We Got Your Disease

Forgive me for going off-topic -- I know, I know, what topics have I offered lately that would indicate that I'm going off-topic now? -- but I think it's probably important for my recuperation to write this all out and express myself.

Yes, I said "recuperation." If you haven't heard yet, my condition just got a diagnosis. That came a few seconds after I found out I had a condition. News flies fast and furious here. We have cable.

How about I quit talking in riddles? That sounds good. Here we go: Hey, everybody, there's at least a sporting chance that I'm mentally diseased! But not according to a doctor, or a psychologist, or any number of former associates (though I imagine some of them might concur with the diagnosis).

No, my status as a mentally diseased person was inferred by the religion I grew up in - the Jehovah's Witnesses, based in Brooklyn, although they're selling off a lot of their properties at the moment and moving, as so many New Yorkers do, upstate a ways.
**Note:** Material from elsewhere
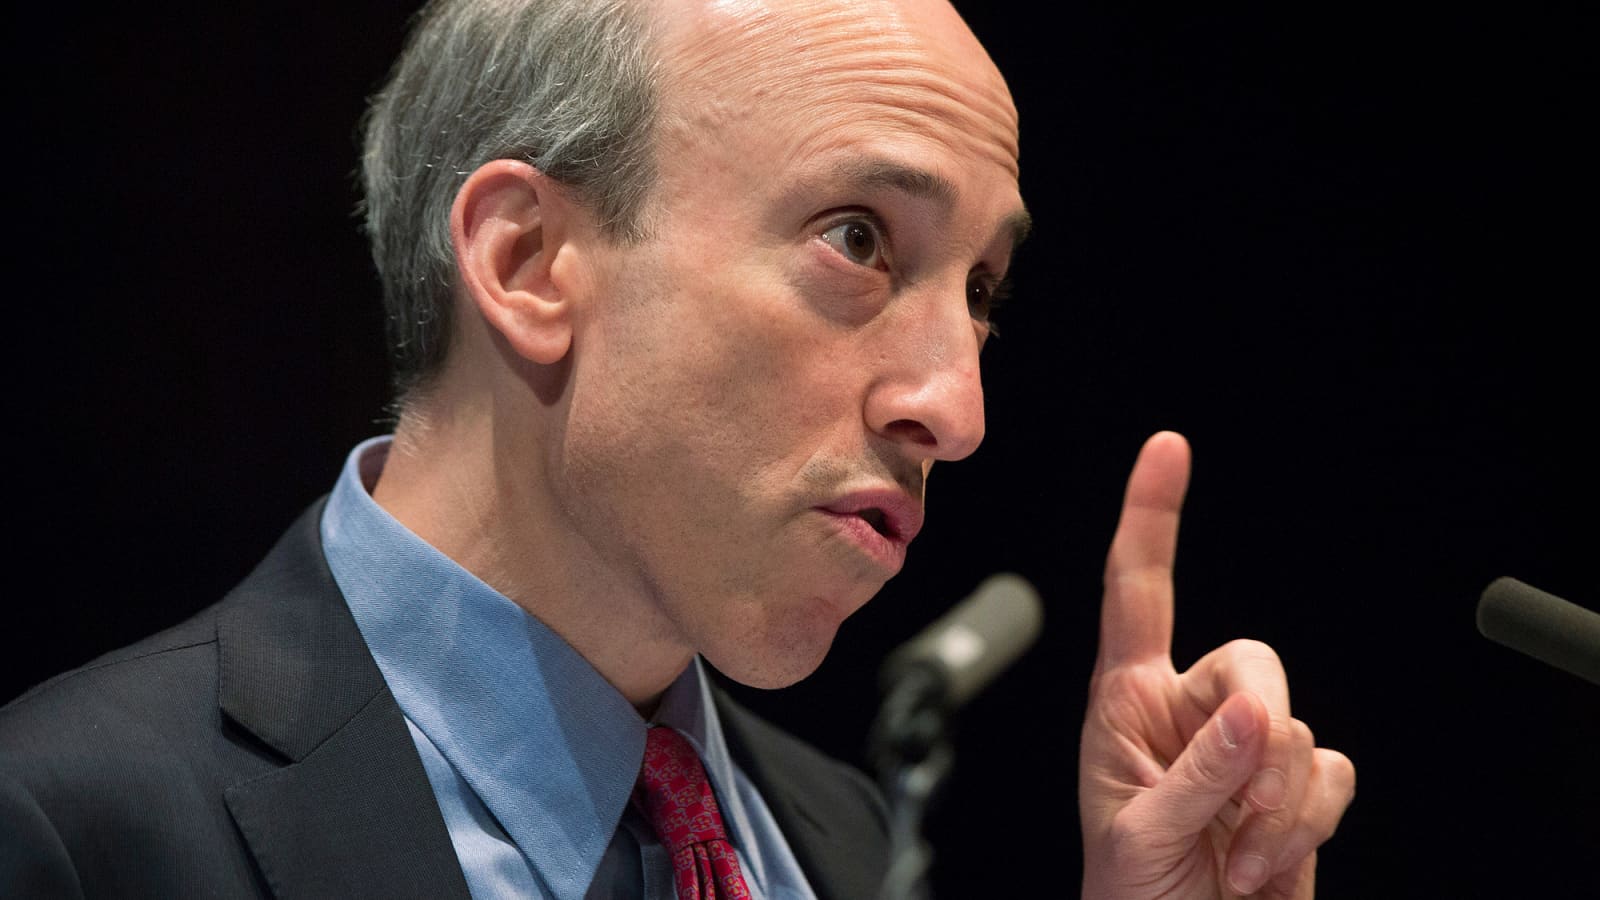 SEC Chair Gary Gensler concerned about Robinhood, trading gamification,  social media hype

I of course have a link, as my condition was rather insensitively made public. But in the U.K. I got some friends, or as they call them "blokes," who are even more ticked off than I am. Here's the gist:
Detectives are investigating whether (an) article, published in July’s edition of The Watchtower, is in breach of Britain’s religious hatred laws...

"Suppose that a doctor told you to avoid contact with someone who is infected with a contagious, deadly disease," part of the article stated.
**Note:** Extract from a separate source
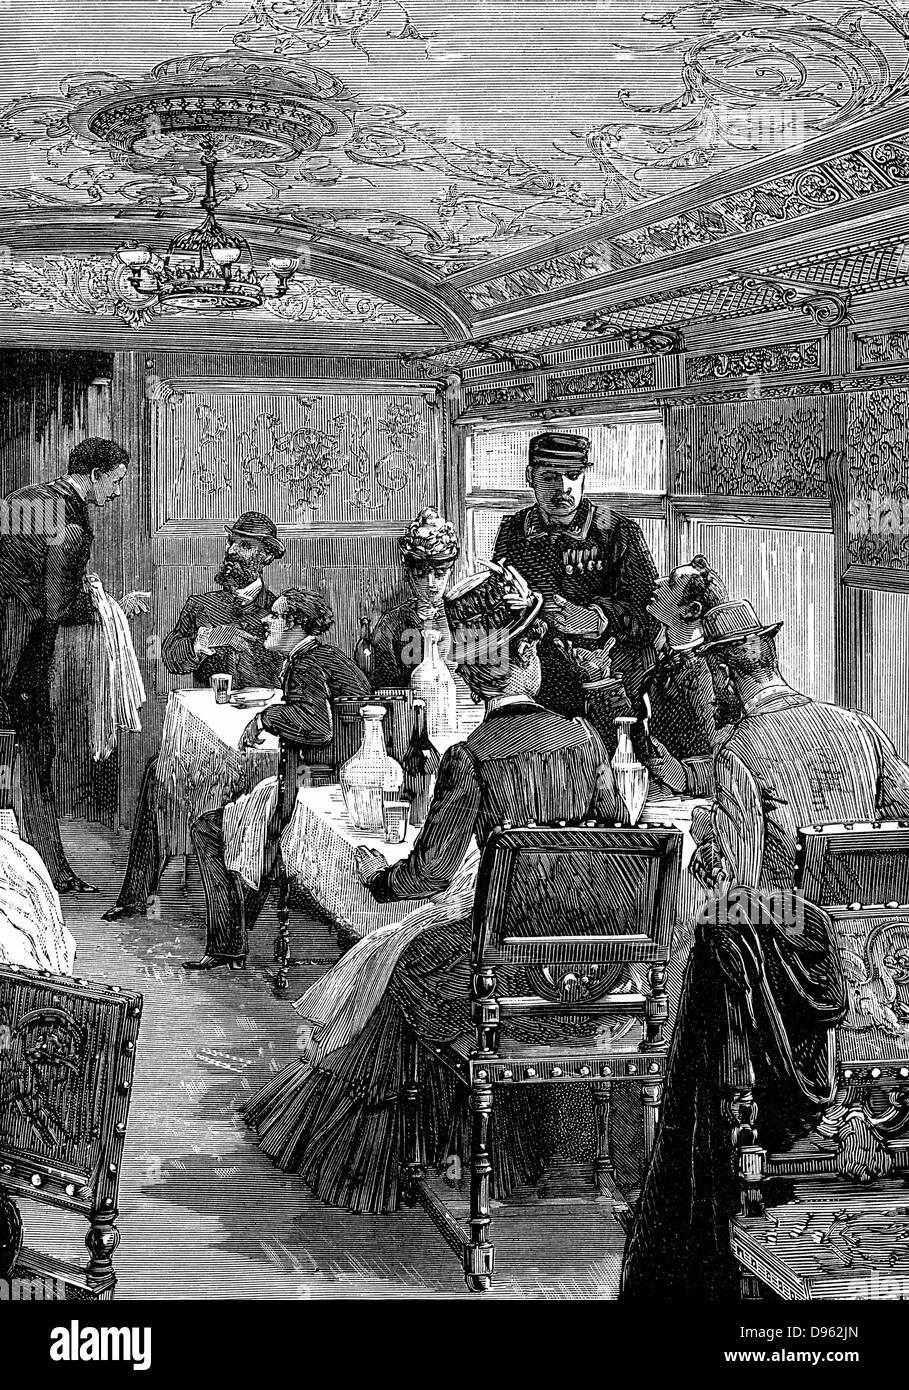 Dining car on the Orient Express.   Wood engraving published Paris, c1885. Stock Photo

"You would know what the doctor means, and you would strictly heed his warning. Well, apostates are 'mentally diseased', and they seek to infect others with their disloyal teachings."

A group of former Witnesses, based in Portsmouth, have made an official complaint to Hampshire Police about the article. Police have launched an investigation.
I wrangle with my newfound condition in true movie-of-the-week fashion after the jump.

A little context for the newsy bit: The reason British police are investigating this publication is speculation that The Watchtower may have run afoul of legislation, enacted in 2006, that addresses the use of religious "hate speech." This legislation sprung as a reaction against anti-Muslim hate speech. I don't know if it's ever been applied to speech against ex-members of a Christian-derived religion or non-believers, but it wouldn't surprise me if this is the first time.

Former Witnesses are all up in a dander about this. I can see why. "Mentally diseased" is the most pointed, emotionally loaded phrase The Watchtower has ever used to describe us. This isn't some mild epithet like "disfellowshipped persons," or a vague value judgment like "bad association." This is some House M.D. stuff. "Mentally diseased" connotes degradation, a worsening condition, a cerebral virus. I can picture Hugh Laurie belittling me right now before curing me with strategically-placed balloons and spilled cognac just before time fatally runs out. And then American Idol comes on.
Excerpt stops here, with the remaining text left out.